Risk Managers Hope to Blunt Effect Of Insurance Commission Rule

As we reported last week, Risk and Insurance Management Society (RIMS) criticized an agreement that allows the largest insurance brokers to accept certain insurer-paid commissions and said it will counsel its members to push for fair treatment from brokers.

Source: Source: Dow Jones | Published on February 22, 2010

"If we create a solid front of [RIMS] members that says these are minimum requirements" we will accept, "it will be hard for brokers to say no," said Scott Clark, risk and benefits officer of the Miami-Dade County Public Schools and the secretary of RIMS, a group of around 10,000 professionals involved in risk management for more than 3,500 corporate and government entities.

RIMS has been critical of moves by regulators to allow brokers, who act as middlemen for insurance customers, to accept commissions paid by insurers that are based on business volume or profitability.

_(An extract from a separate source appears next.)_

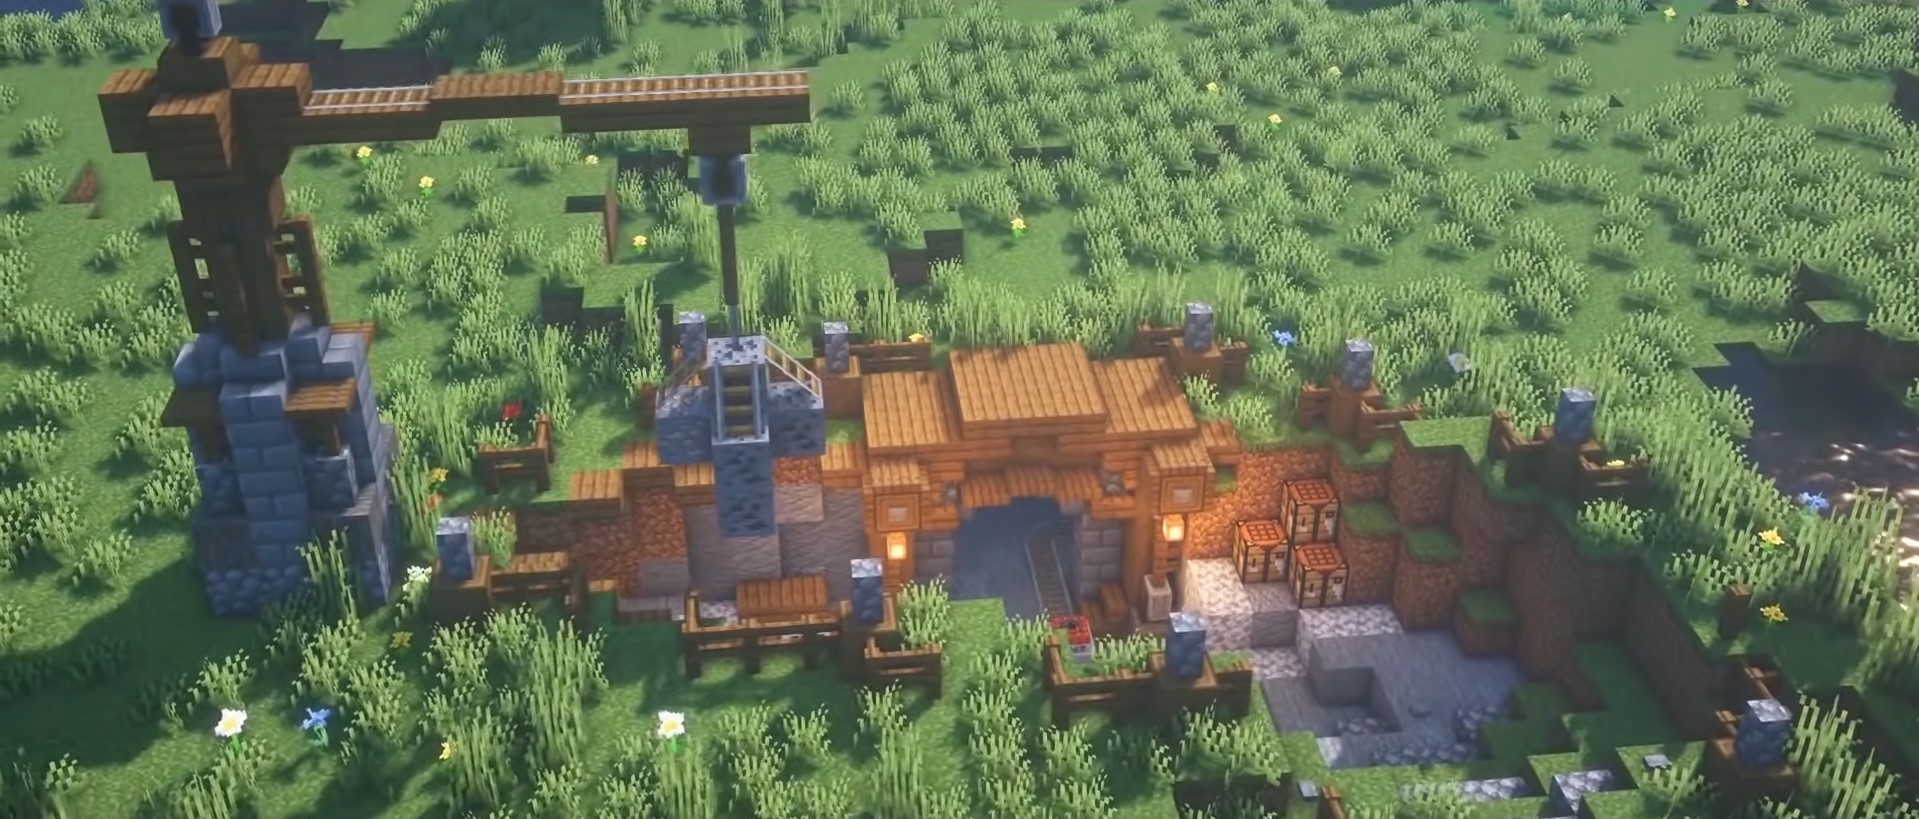 Simple Mining Camp minecraft building idea

Earlier this month, Aon Corp. (AON), Marsh & McLennan Cos. (MMC), and Willis Group Holdings, the largest insurance brokers by revenue, reached an agreement with New York prosecutors and regulators to lift the ban on so-called contingent commissions that was in place since 2005.

The lifting of the ban could boost the brokers' revenues amid toughening competition for business, as insurance prices continue to fall. It likely will also lighten their administrative and compliance burden while ending grumbling that these firms were on an uneven playing field with smaller brokers, which weren't subject to the earlier ban.

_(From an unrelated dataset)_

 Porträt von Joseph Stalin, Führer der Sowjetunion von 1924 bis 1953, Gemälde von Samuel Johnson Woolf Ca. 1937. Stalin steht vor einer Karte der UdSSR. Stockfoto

The brokers will also have to abide by the terms of New York broker compensation disclosure rules, but RIMS believes the rules are inadequate to protect insurance customers.

Clark said that RIMS will encourage its members to require their brokers to either provide them full fee disclosure early in the broking process or not allow their broker to take contingent commissions at all on the transaction.

Large accounts such as the one he represents "have the leverage in the marketplace to be able to demand that."